Les Français à nouveau ne parlent plus que de ça: un mois et demi après avoir sombré dans la sidération après l'arrestation de Dominique Strauss-Kahn, ils oscillent entre stupéfaction, doutes, questionnement et examen de conscience après sa libération sur parole.

Ils avaient en tête les photos de l'ancien patron français du FMI menotté et mal rasé. Ils l'ont découvert libre, visage radieux et cravate bleu.

«Je vais de sidération en sidération. Seul un scénariste d'Hollywood aurait pu imaginer un tel scénario», a réagi le centriste François Bayrou.

Le 15 mai, les Français avaient reçu un véritable coup sur la tête en apprenant au réveil que le favori des sondages pour la présidentielle de 2012 venait d'être arrêté à New York, accusé d'agression sexuelle par une femme de chambre dans un hôtel.

Aujourd'hui, «nouveau séisme» politico-médiatique, estiment les éditorialistes alors que depuis vendredi est envisagée la possibilité d'un abandon des accusations suite à des révélations décrédibilisant la plaignante et qu'un retour en politique n'est plus exclu.

«Cela va complètement dans l'autre sens. L'idée d'aller vers un non-lieu paraît incroyable», commente Sabine de Marigny, styliste de 44 ans.

Terriblement choqués à l'époque d'avoir vu la justice américaine laisser les caméras entrer en salle d'audience filmer le destin de l'homme brisé, les Français semblent tout aussi surpris de la voir capable de faire marche arrière.

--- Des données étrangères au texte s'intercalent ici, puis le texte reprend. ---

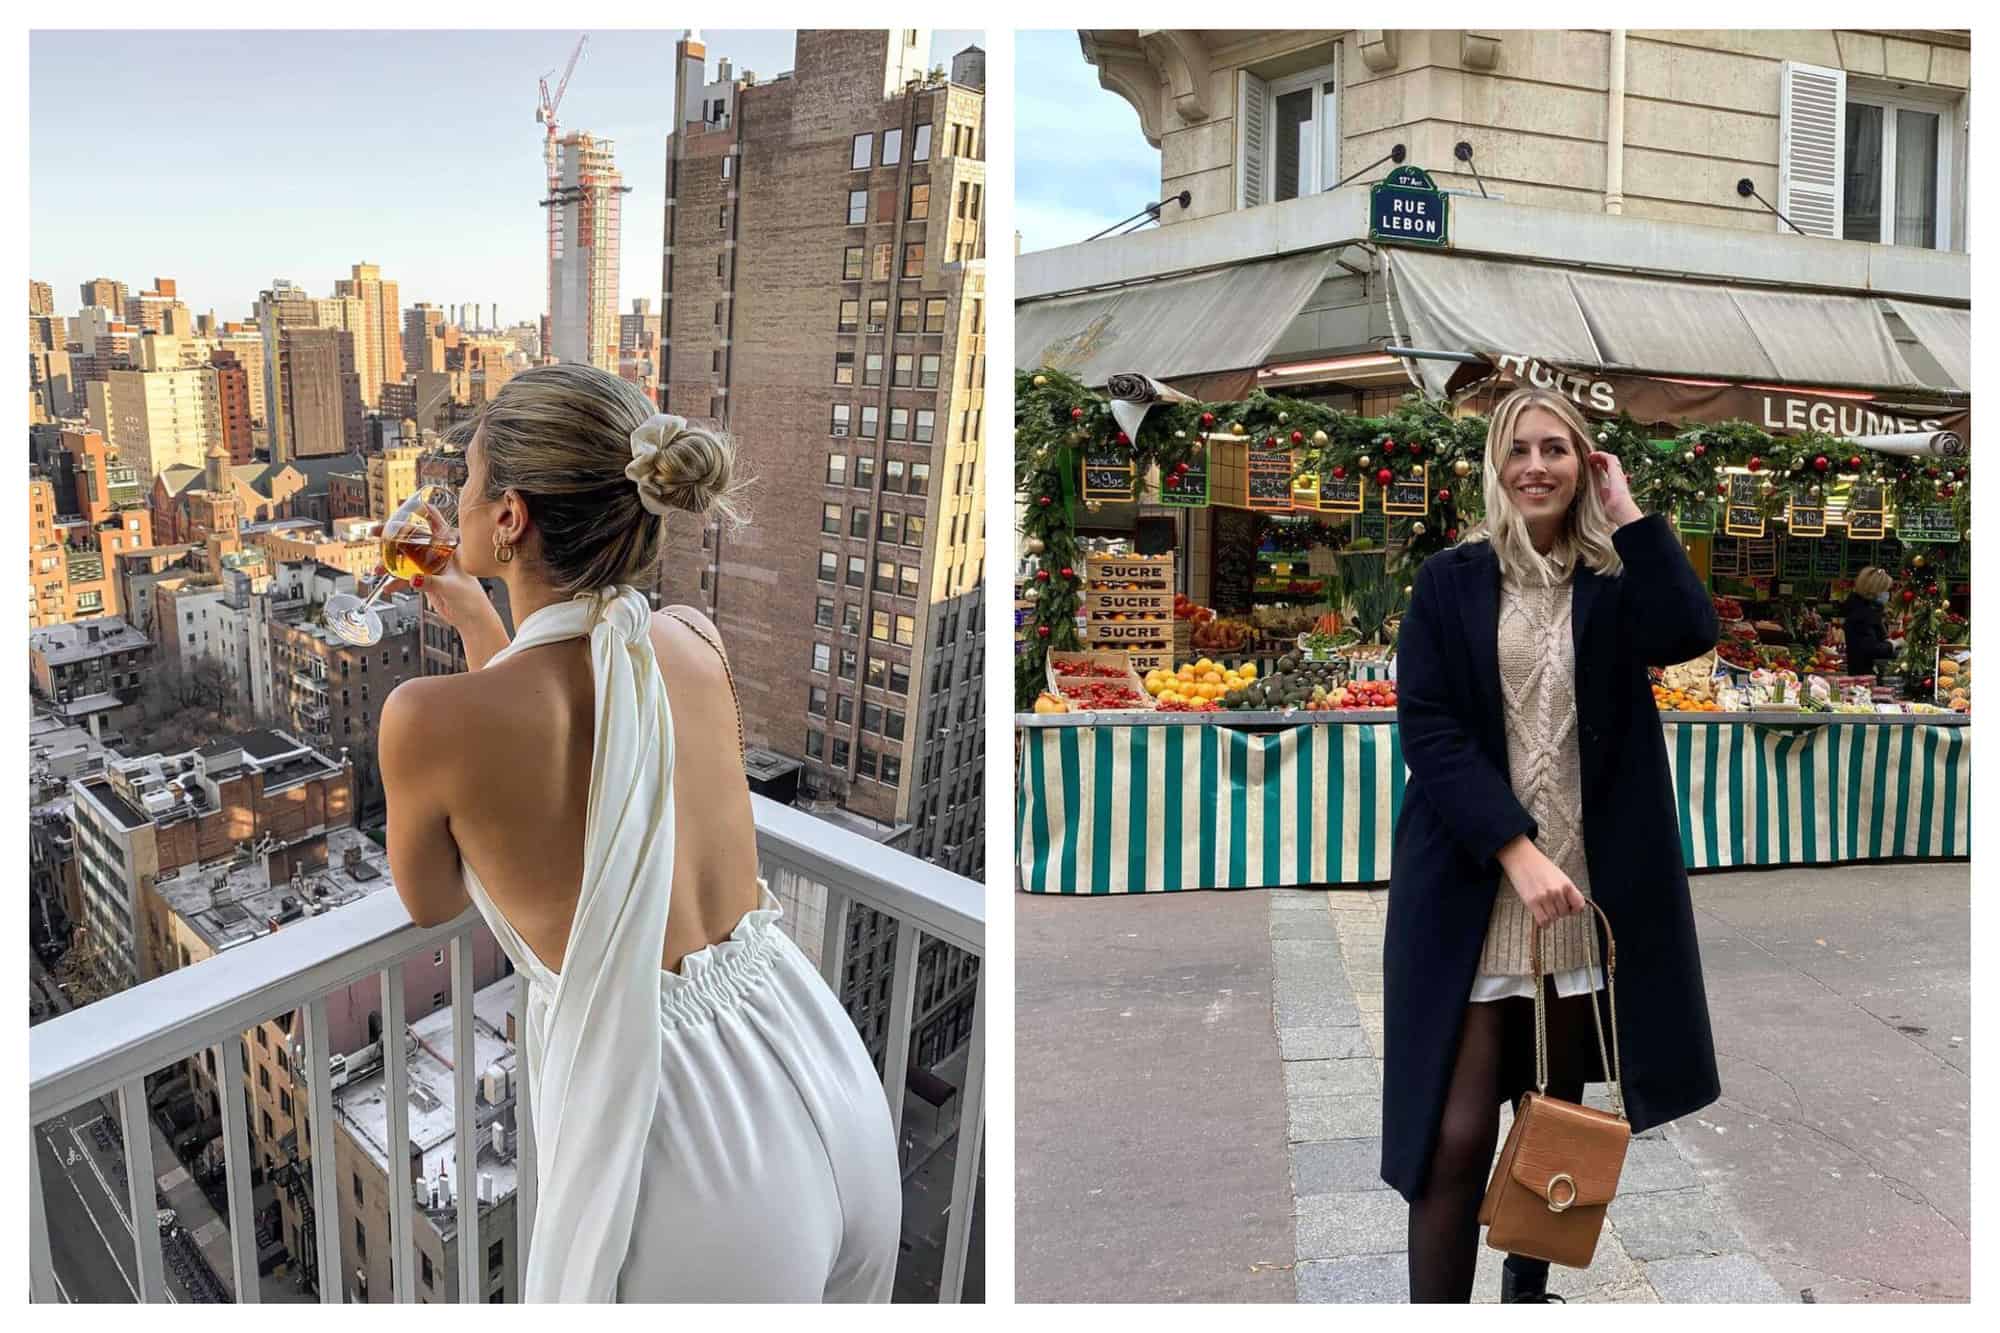 Left: Fashion influencer Gergana Ivanova is drinking a glass of rosé while leaning in a balcony, looking at the New York City skyline. She is wearing a satin silk white halter jumpsuit with a long ribbon tied in her neck and her back is exposed. Right: Fashion blogger Juliette is in Montmartre in the 18th arrondissement of Paris, in rue Lebon. She is standing in front of a marché that sells fruits and vegetables. She is wearing a beige knitted dress and a black coat. She is also wearing sheer black tights to cover her legs since her dress cuts to her thighs.

«Ce qui est étonnant, c'est l'honnêteté du procureur Cyrus Vance qui au début était agressif et aujourd'hui reconnaît qu'il a des doutes», explique François Decodts, chômeur de 36 ans.

La théorie du complot, à laquelle près de 60% des Français adhéraient dans les jours qui ont suivi l'arrestation de DSK, revient à nouveau dans les conversations en public ou en privé. «Crapuleux ou politique ?» se demande-t-on.

«Je n'étais pas parmi les complotistes mais là, je ne sais plus. Ca ne m'arrive pas souvent mais là, je l'avoue, je ne sais plus», a reconnu François Bayrou.

Du coup, est arrivé le temps de l'examen de conscience, après l'étalage des secrets de la vie sexuelle de l'ancien patron du FMI et l'«emballement» médiatique.

«Dominique Strauss-Kahn n'est pas encore blanchi que s'ouvrent (...) de nombreux procès en pointant du doigt les multiples coupables. Coupable, d'abord, la justice américaine, parce que brutale dans son fonctionnement qui sacralise la parole des victimes. Coupable, le système médiatique qui, chez nous comme aux Etats-Unis, a déversé en boucle les images humiliantes de DSK. Coupable enfin, l'opinion qui, tout en dénonçant le lynchage médiatique, s'est repue du "feuilleton"», écrit le quotidien régional La République du Centre.

Et déjà la question est posée: s'il est blanchi, Dominique Strauss-Kahn se présentera-t-il à la primaire que viennent de lancer les socialistes pour désigner leur candidat à la présidentielle de 2012? «S'il se présentait, tu voterais pour lui?» se demande-t-on entre amis ou en famille.

Mais pour une grande partie de la presse, l'homme est hors jeu. «Cette affaire lui a forgé une image de richissime bourgeois machiste, qui ne peut que le couper d'une partie de l'électorat populaire de la gauche et ne lui permet plus de mordre dans l'électorat centriste et féminin», analyse le quotidien régional L'Alsace.

Ingrid Perez, assistante immobilière de 25 ans, se dit ainsi certaine qu'il a «réussi à être libéré car il a de l'influence et de l'argent» - faisant au passage une confusion entre son train de vie et la fortune de son épouse Anne Sinclair, qui a dépensé des sommes folles pour régler la caution et payer le dispositif de l'assignation à résidence.

Au travers de cette histoire aura au moins été ouvert le débat sur le machisme politique en France, notent certains. Dans la foulée, un ministre a été accusé de viols, entraînant sa démission et son inculpation. «Cette affaire a délié les langues des femmes, j'espère que ce ne sera pas un feu de paille», dit Marguerite, directrice de marketing de 37 ans.